E-18. Летние каникулы - Кнут Фалдбаккен
Шрифт:
Интервал:
Закладка:
Сильный душ смыл субботнюю меланхолию и головную боль от похмелья. Он снова был, как огурчик, можно сказать, на все сто, а легкое опьянение, в котором он все еще пребывал, успокаивало нервы, придавало гармонию его мироощущению. Он ободряюще улыбнулся своему отражению в зеркале (зеркало все было заляпано мылом, зубной пастой, в раковине — волосы, но разве он не свинья? Неужели все мужчины у себя дома непременно разводят свинарник?).
Изучая себя в зеркале, он напевал:
«I want some red roses — for a blue lady…»

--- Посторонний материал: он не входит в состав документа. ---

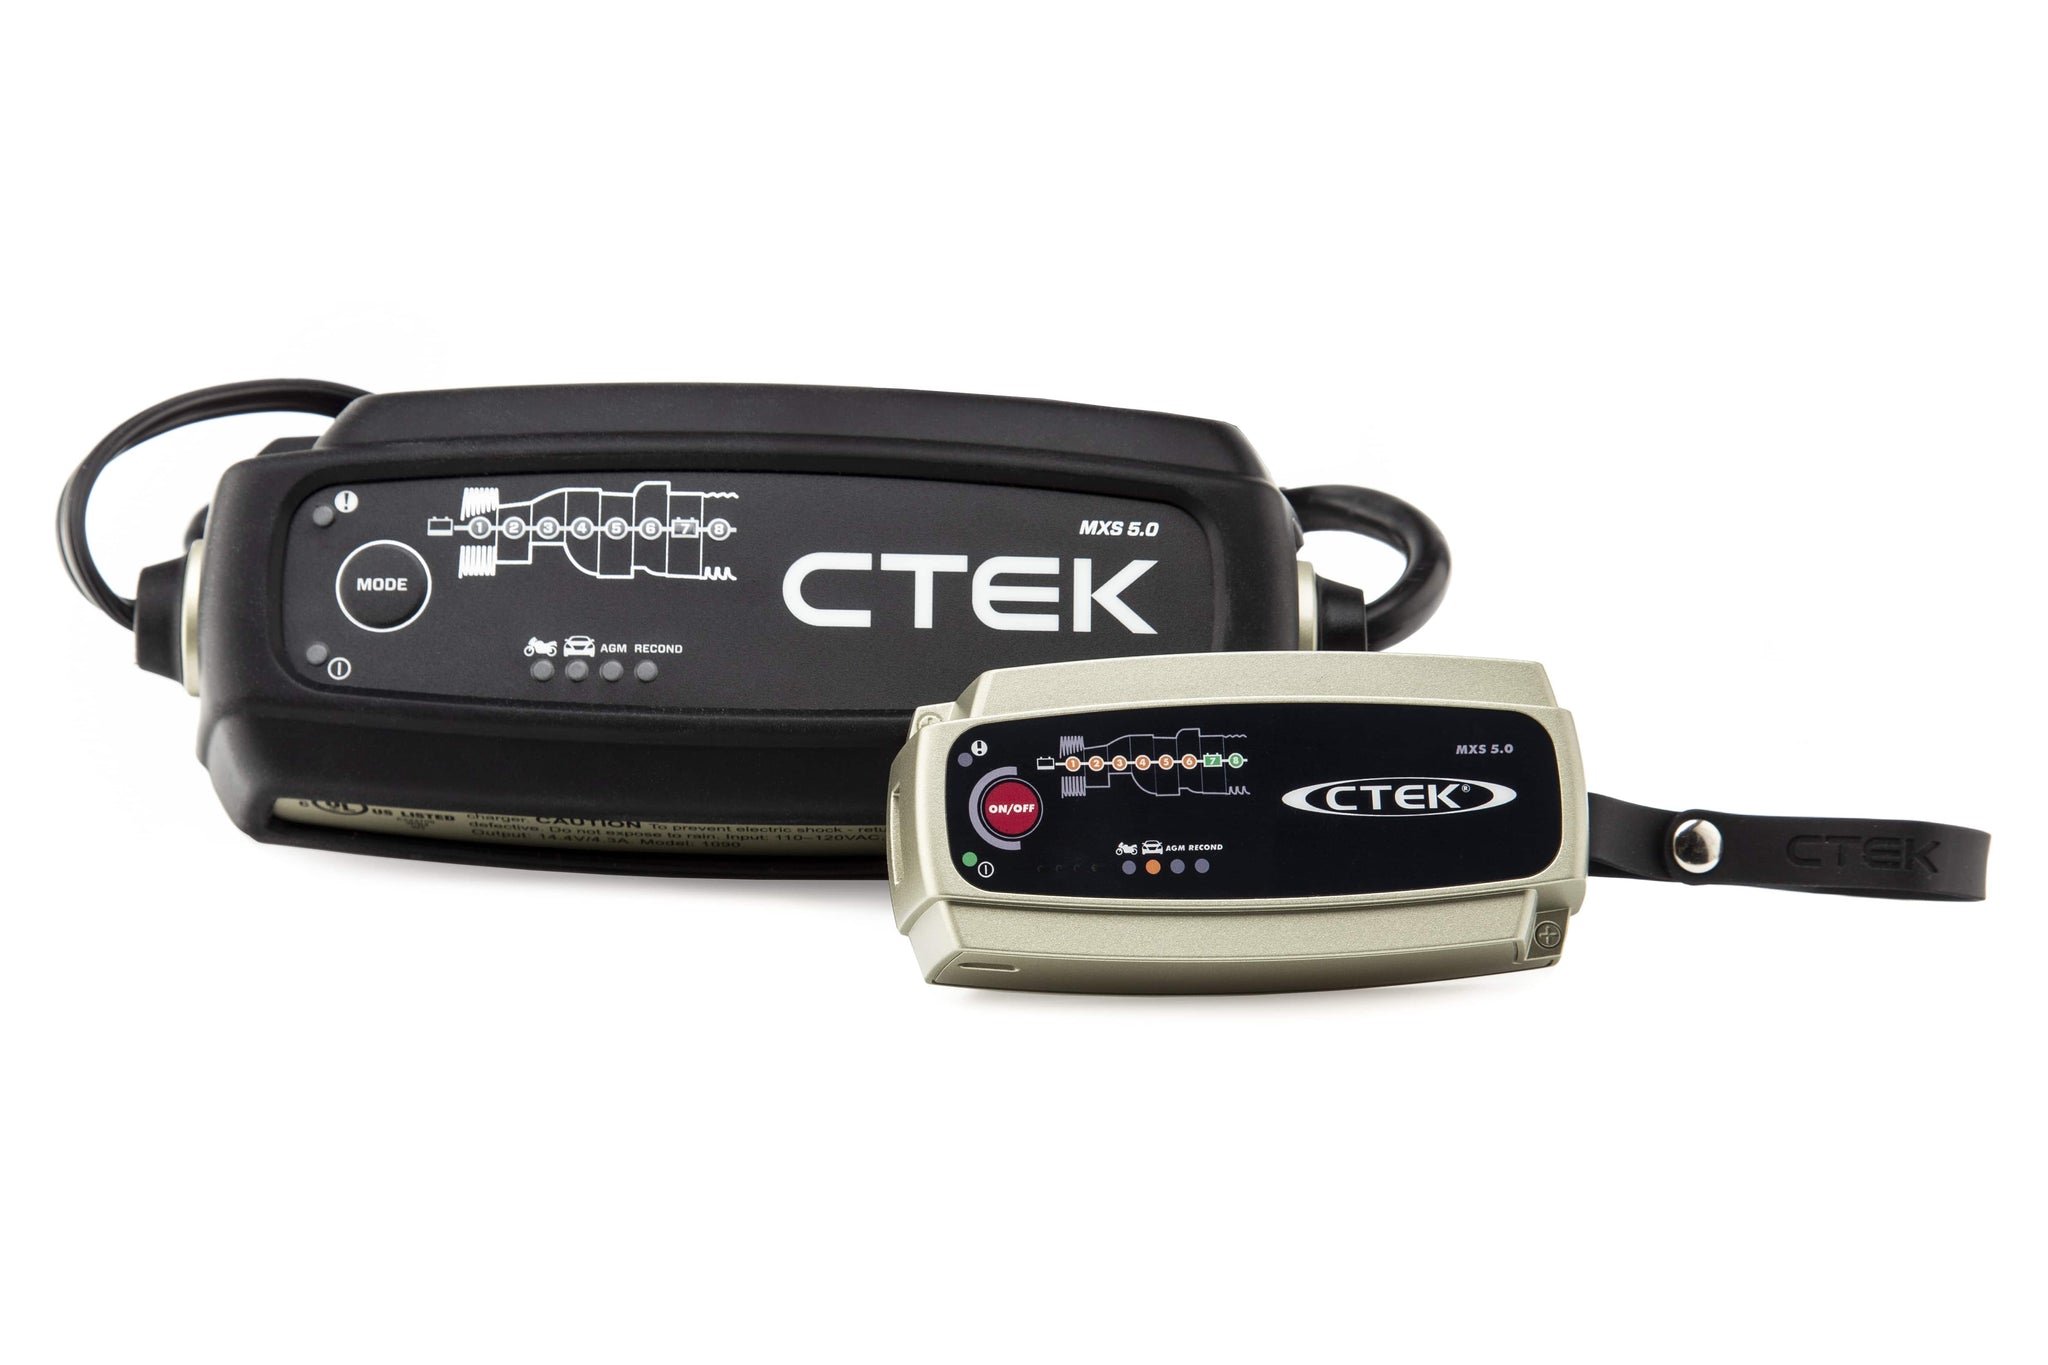 CTEK MXS 5.0 Battery Test & Charger - Now 21% Savings
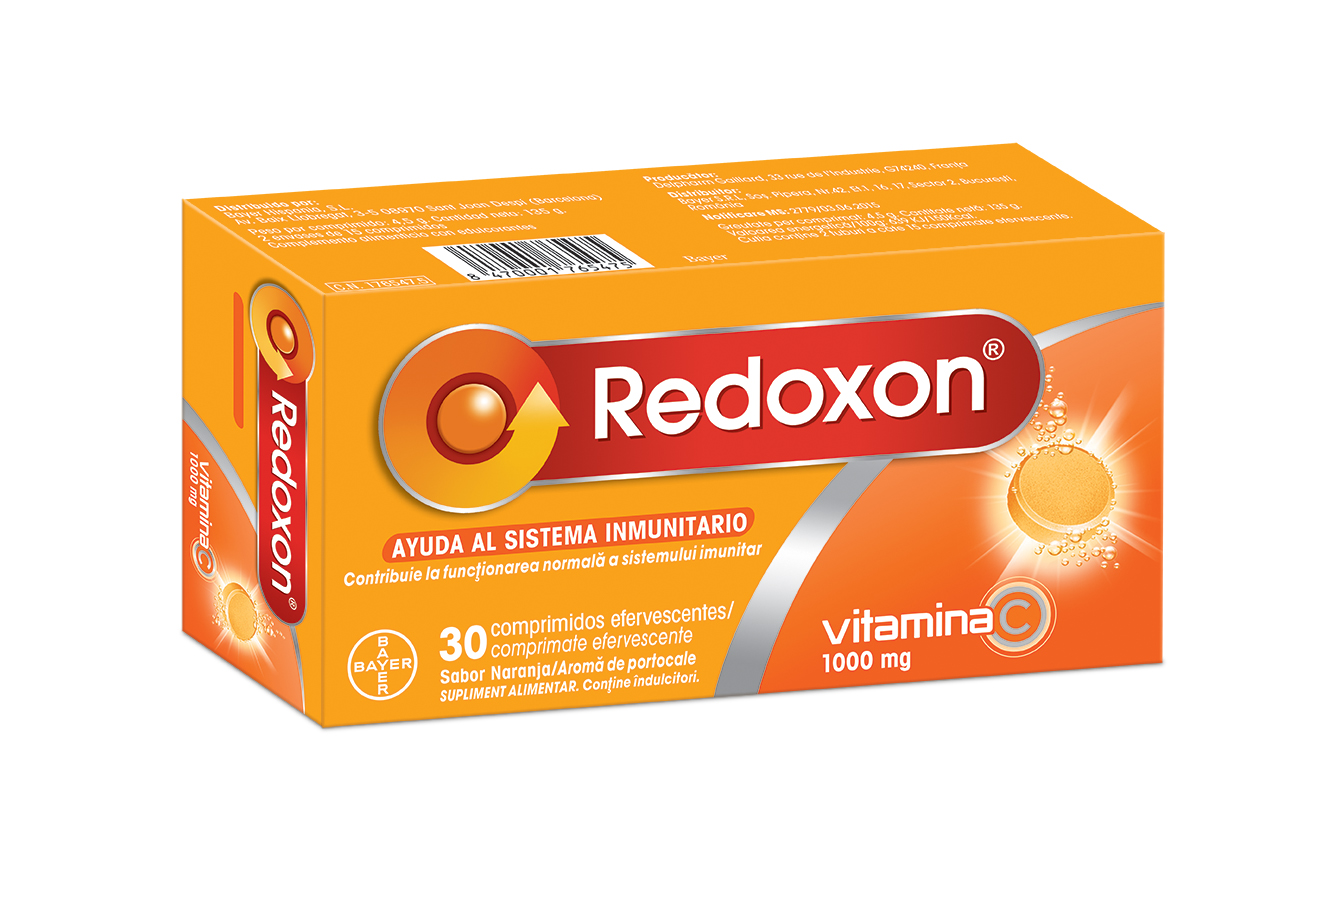 Redoxon vitamina C 1000 mg aroma de portocale, 30 comprimate efervescente, Bayer

Ничто на свете не могло приободрить так, как музыка, особенно, когда он изучал свою фигуру в зеркале. Если клуб «Сун Тан»[3] соответствовал своему названию, то ему там безусловно, конечно же, делать нечего, ведь он был бледный, как молоко, загорелыми были только шея и руки, насколько были закатаны рукава рубашки. Вот нос — красный от солнца. Но сейчас он смирился со своей внешностью, воспринимая ее с легкой иронией, и потому отнесся к своему отражению вполне благожелательно. Ничто не могло нарушить его ощущение, что сегодня он в форме, даже убогие залысины, зачесанные с двух сторон, между которыми сияла его лысина, как гладкий шар. Собирая волосы в раковине, он напевал:
«Send it to the sweetest girl I know…»
Свои подмышки он обрызгал дезодорантом, ведь он знал, как бывало ему всегда на таких вечерах жарко, и его вечно прошибал пот. Шею и подбородок он как следует оросил лосьоном после бритья «Musk for men». О’кей. Мускус. Ладно, что угодно годиться, чтобы только отбить запах пота. Ведь не хочет же он, чтобы его тело походило на бычью тушу. Рубашка висела на вешалке, только что выстиранная, без затеков, только слегка мятая, светло-желтого, песочного цвета в маленькие черточки. На вкус Сони. Ну что ж, рубашку сменить надо, а рисунок, расположенный полосками, может быть, сделает его фигуру немножко стройнее?..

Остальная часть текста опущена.